BY HARRY RING
LOS ANGELES - A jam-packed meeting of the Militant Labor Forum heard Olga Rodríguez, editor of the newly reissued Pathfinder book Politics of Chicano Liberation. Guests of honor at the event were la marchistas, the group of young Latinos and Latinas who are walking more than 500 miles from the state capitol in Sacramento to San Diego. En route, they are rallying support against Proposition 209, a California ballot measure to scrap state-sponsored affirmative action programs.
They brought solidarity greetings to the meeting, called for support to their fight, and urged everyone to turn out for the demonstrations at the Republican convention in San Diego. They received repeated ovations.
More than 100 people attended the July 20 meeting and the barbecue that preceded it. The audience included 40 socialist unionists, members of the International Association of Machinists, who held a weekend conference here.
Rodríguez saluted the marchistas as representing a generation of fighters that are in the forefront of a new upsurge in the Chicano struggle.
She discussed the world crisis of capitalism and the drive to make the workers of the world "foot the bill" for it. This has sparked working-class resistance, including a resurgent Chicano movement.
It is this rise in the struggle, she said, that prompted Pathfinder to reissue Politics of Chicano Liberation, a compilation of Socialist Workers Party resolutions and reports on the explosive battle of the Chicano movement from the 1960s into the early '70s.
She described the book as "an accurate account of real battles," particularly valuable for the Marxist perspective it offers "on the roots of the oppression of my people, the Chicano people."

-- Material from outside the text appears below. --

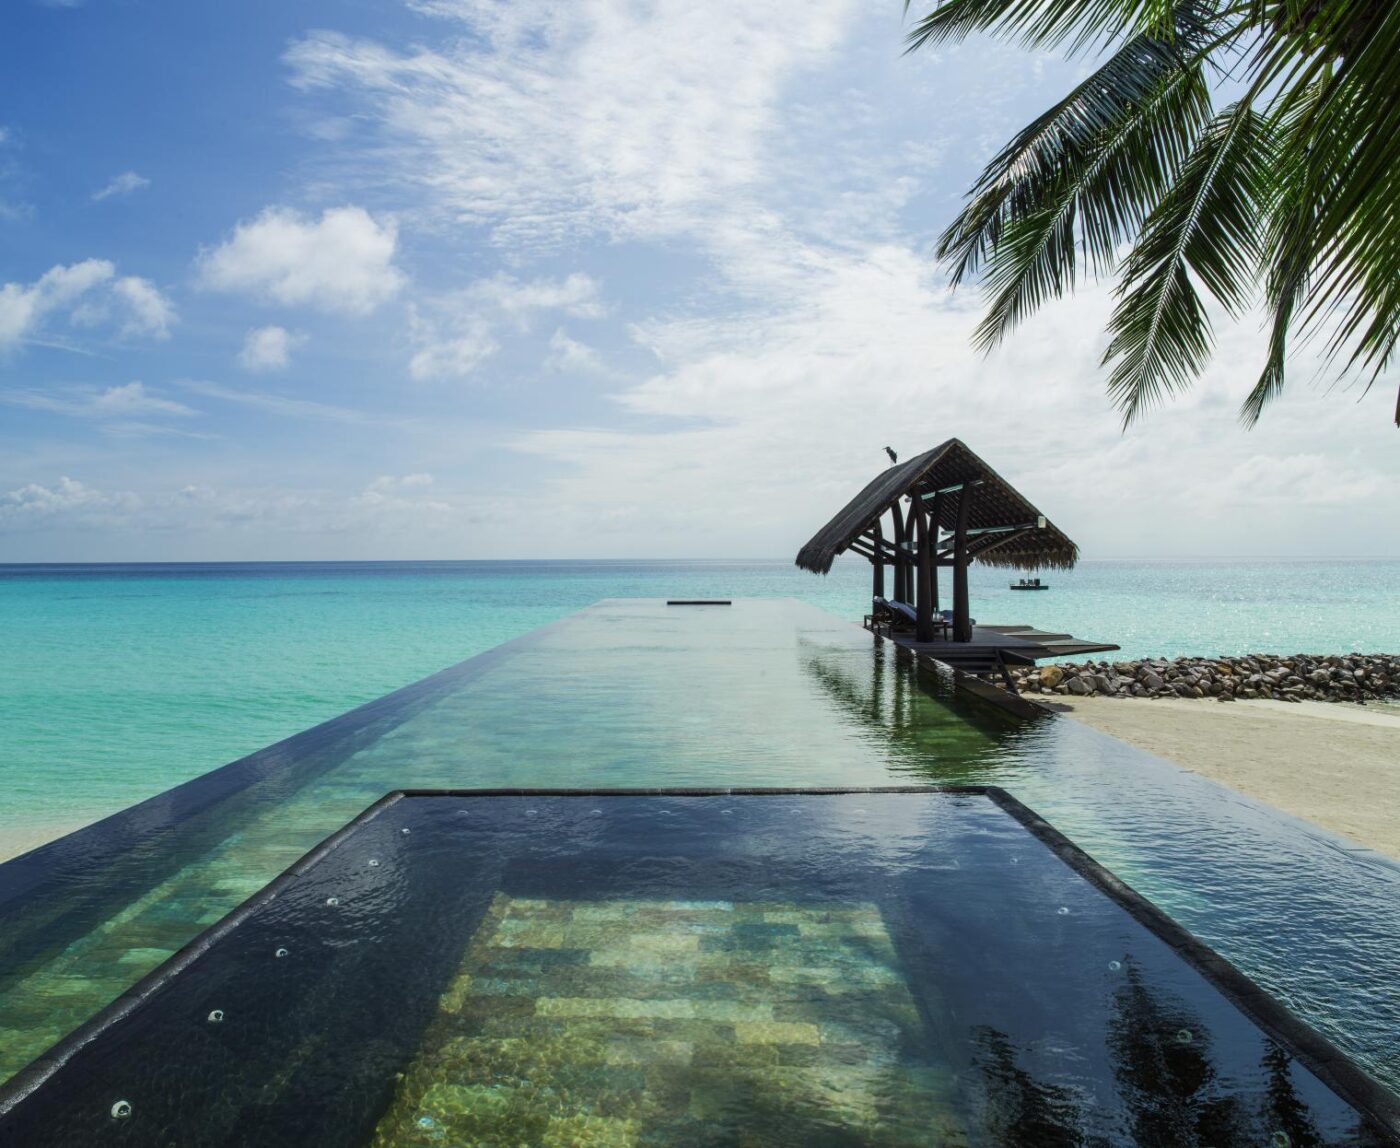 The One And Only Reethi Rah, Maldives

The developing struggle today, she explained is markedly different than the earlier one in that it is totally interwoven with the struggles of other oppressed nationalities - the Irish, Quebecois, Palestinians and more - as well as the beginnings of a fightback by the working class as a whole.
The Chicano movement that erupted on the political scene in the 1960s won major victories.

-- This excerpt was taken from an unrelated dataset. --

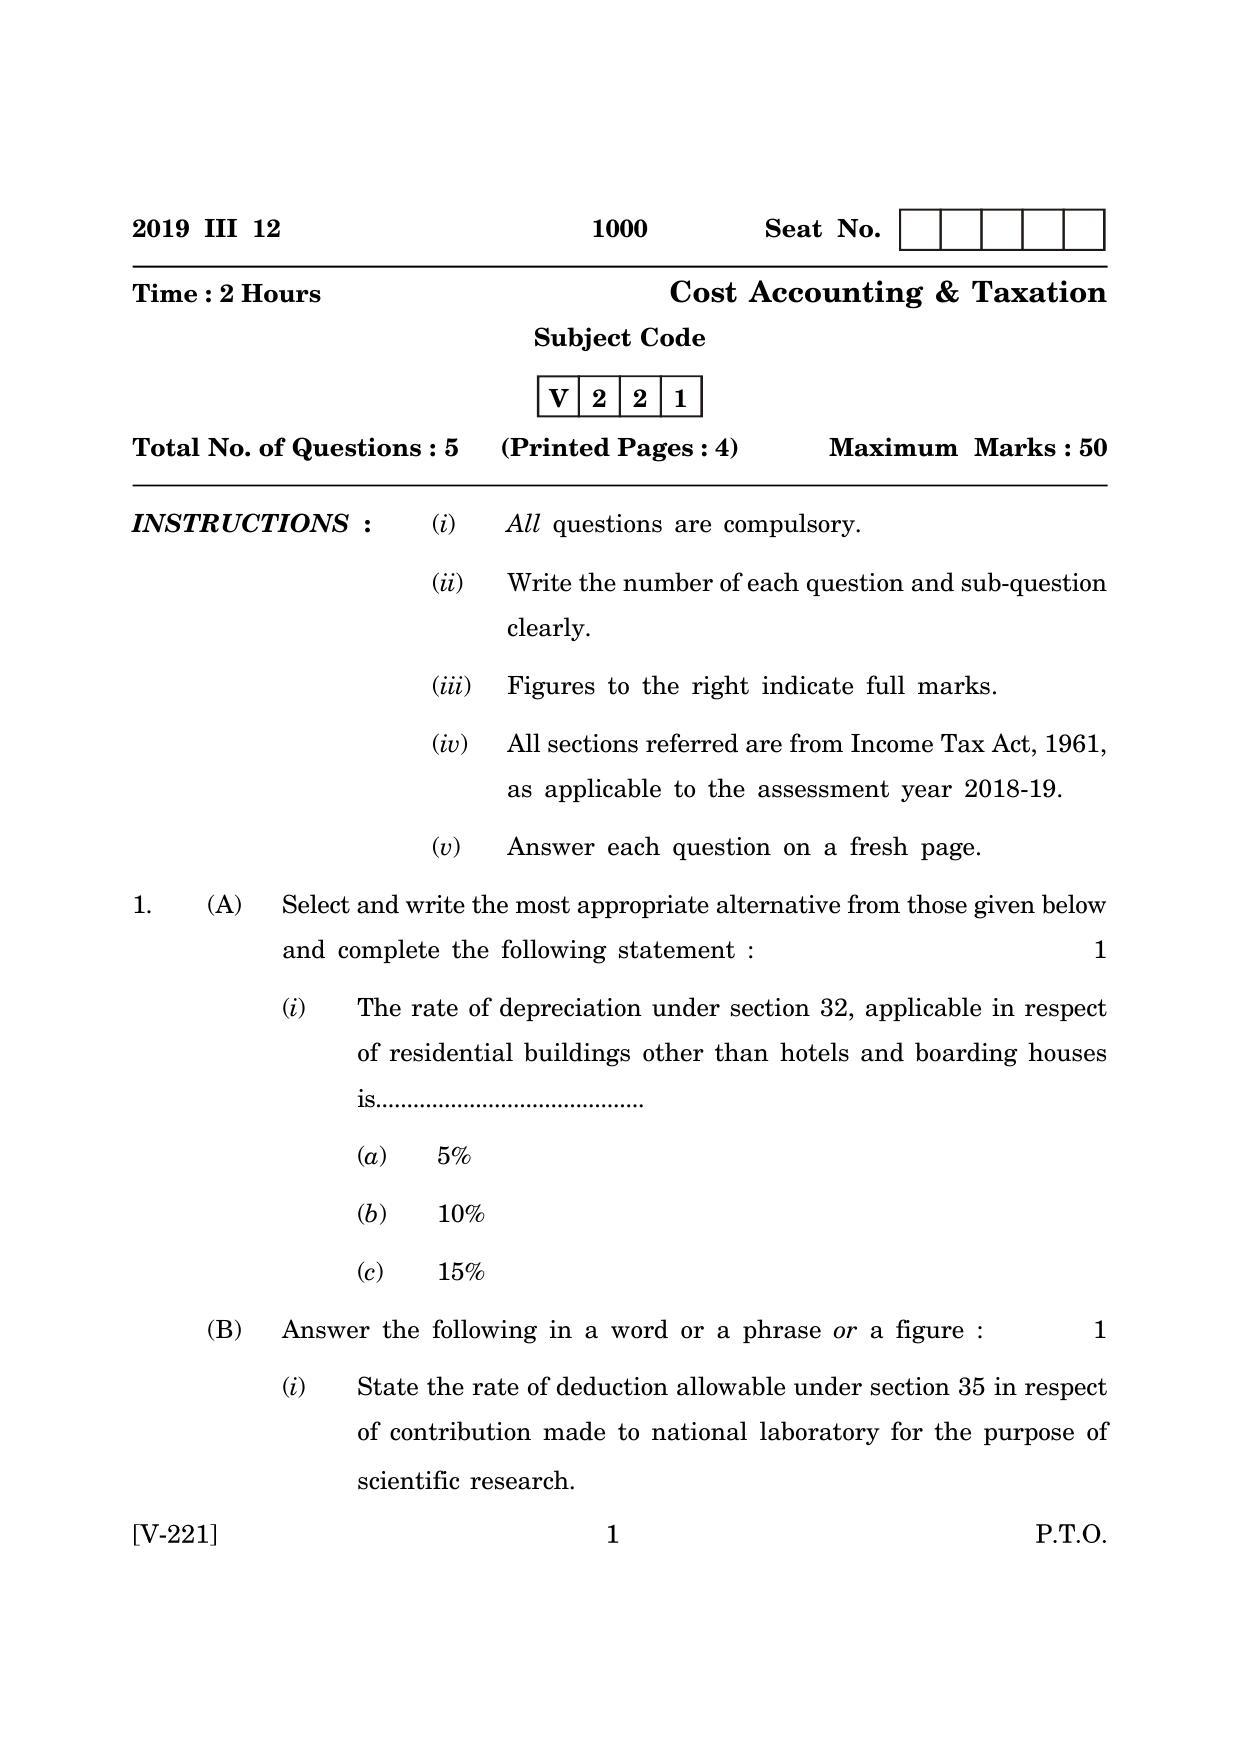 Goa Board Class 12 Cost Accounting & Taxation  2019 (March 2019) Question Paper - Page 1

But that movement, like those of other oppressed nationalities and women, finally declined, Rodríguez explained, because there was not a similar development in the trade union movement.
The union bureaucrats stubbornly refused to take up these progressive struggles, and did so without much resistance from the ranks.
But, she emphasized, the situation is very different today because there is a very different working class. The labor force now includes millions of Chicanos, Latinos, Asians, and others.
"Today, in every industry," she declared, "we work next to people from all over the world. They make our class stronger, and they open up the union movement in a different way."
Throughout, she stressed that the fight for immigrant rights is central for all working people. Among the oppressed nationalities, she continued we are seeing a vitally important, growing unity.
One of the greatest victories for the marchistas, she declared was the reception they got in the Los Angeles Korean community. There was an organized group of 50 Koreans, "waiting to cheer you on, to be part of the struggle - and to feed you."
Pointing to the more than 100,000 people who recently marched in Puerto Rico to affirm nationhood, including many who support independence Rodríguez observed, "It was a little bigger than la marcha."
"But," she added, "la marcha will get there. You have to
start somewhere, and you don't have to start with 100,000!"